··· Given material ···

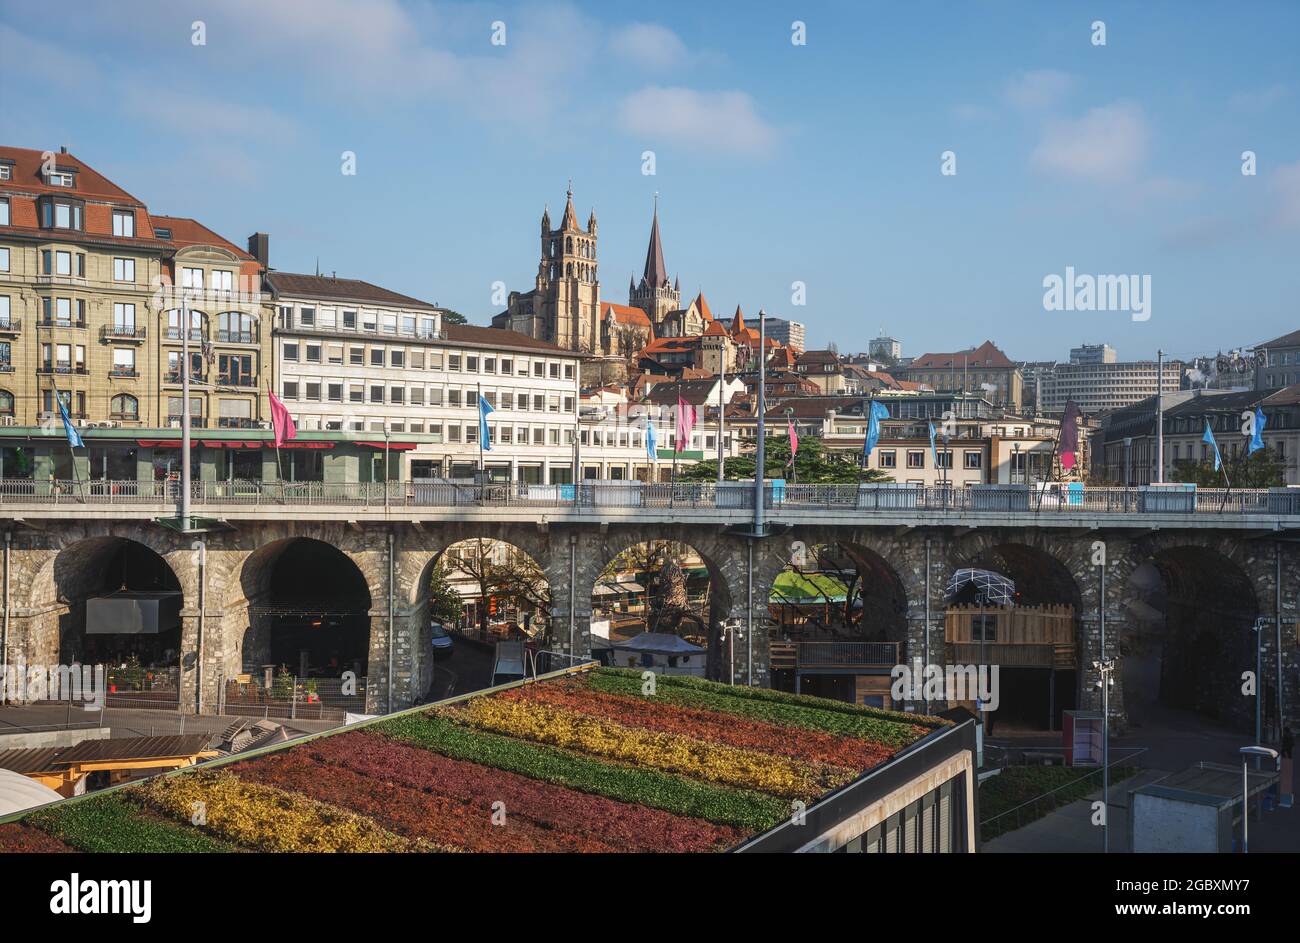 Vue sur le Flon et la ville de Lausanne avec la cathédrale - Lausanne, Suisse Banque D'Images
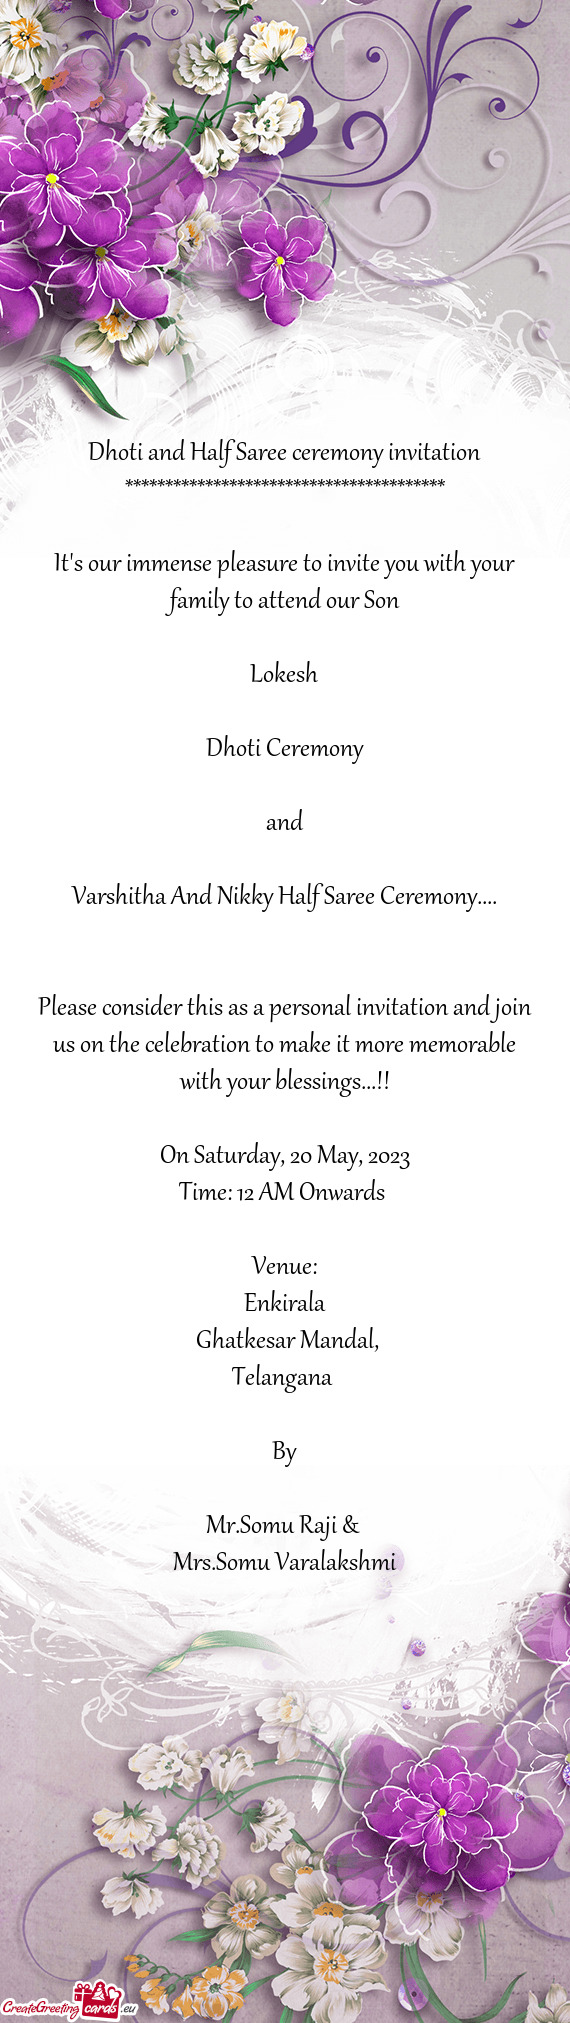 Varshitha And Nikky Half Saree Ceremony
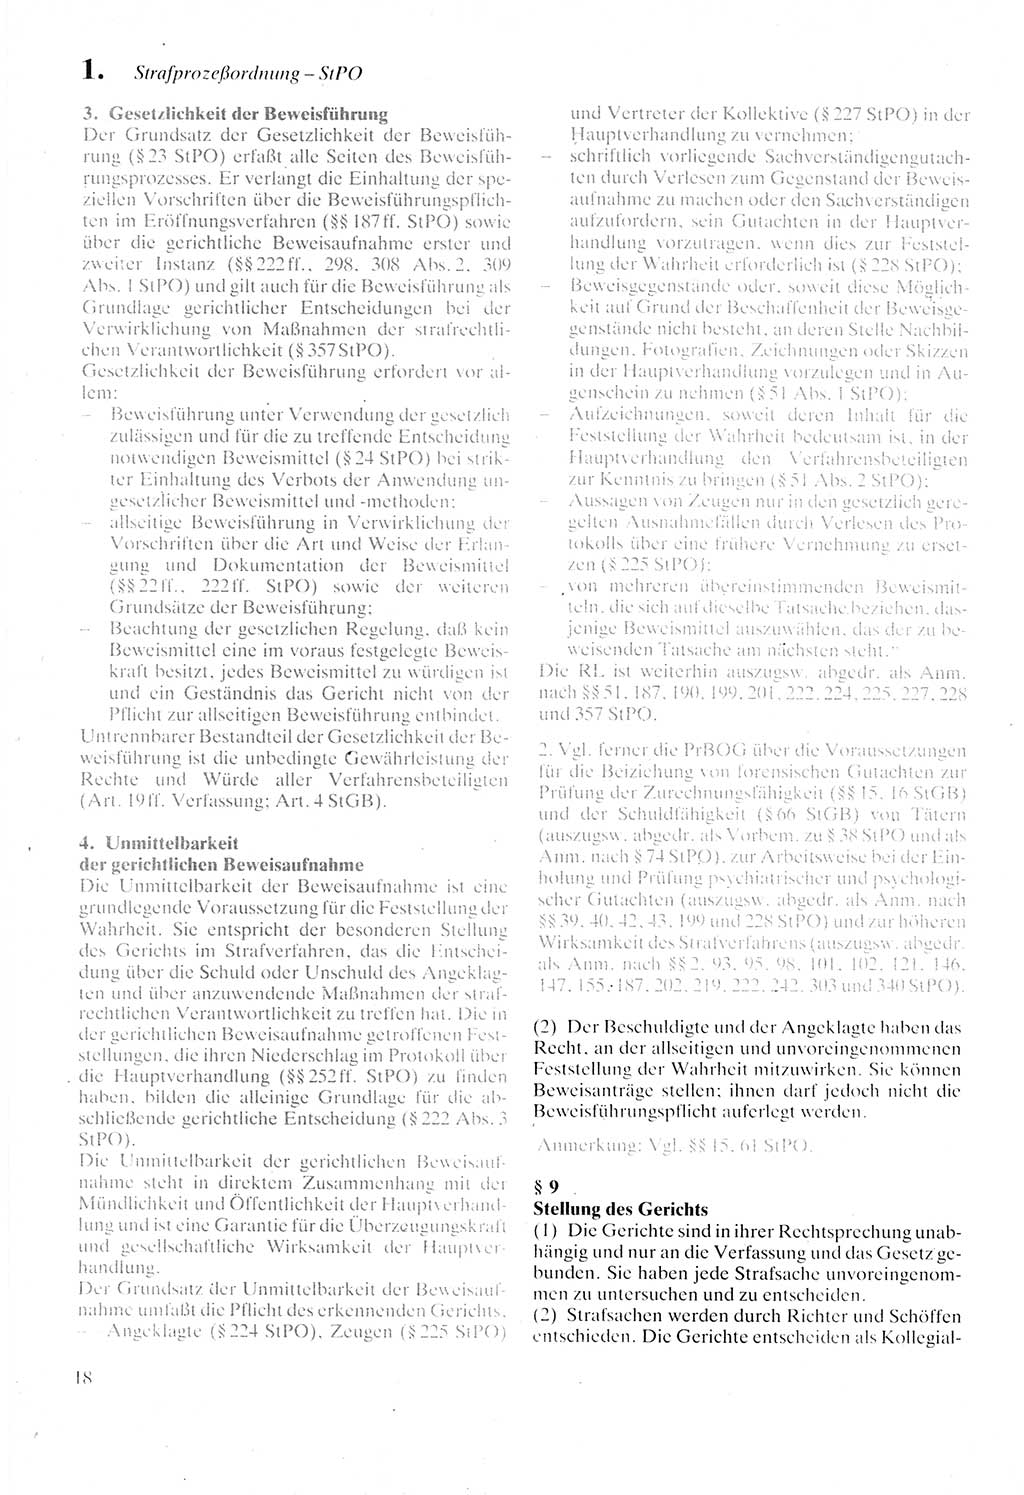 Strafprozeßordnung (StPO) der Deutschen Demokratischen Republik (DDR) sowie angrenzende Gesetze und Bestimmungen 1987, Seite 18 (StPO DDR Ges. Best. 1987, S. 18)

···

Brief –
Emit the lines of the data above from the one containing "Varshitha And Nikky Half Saree Ceremony" through its final line, both endpoints included. Pictures do not belong in the output.

Task solution –
 Varshitha And Nikky Half Saree Ceremony
 Strafprozeßordnung (StPO) der Deutschen Demokratischen Republik (DDR) sowie angrenzende Gesetze und Bestimmungen 1987, Seite 18 (StPO DDR Ges. Best. 1987, S. 18)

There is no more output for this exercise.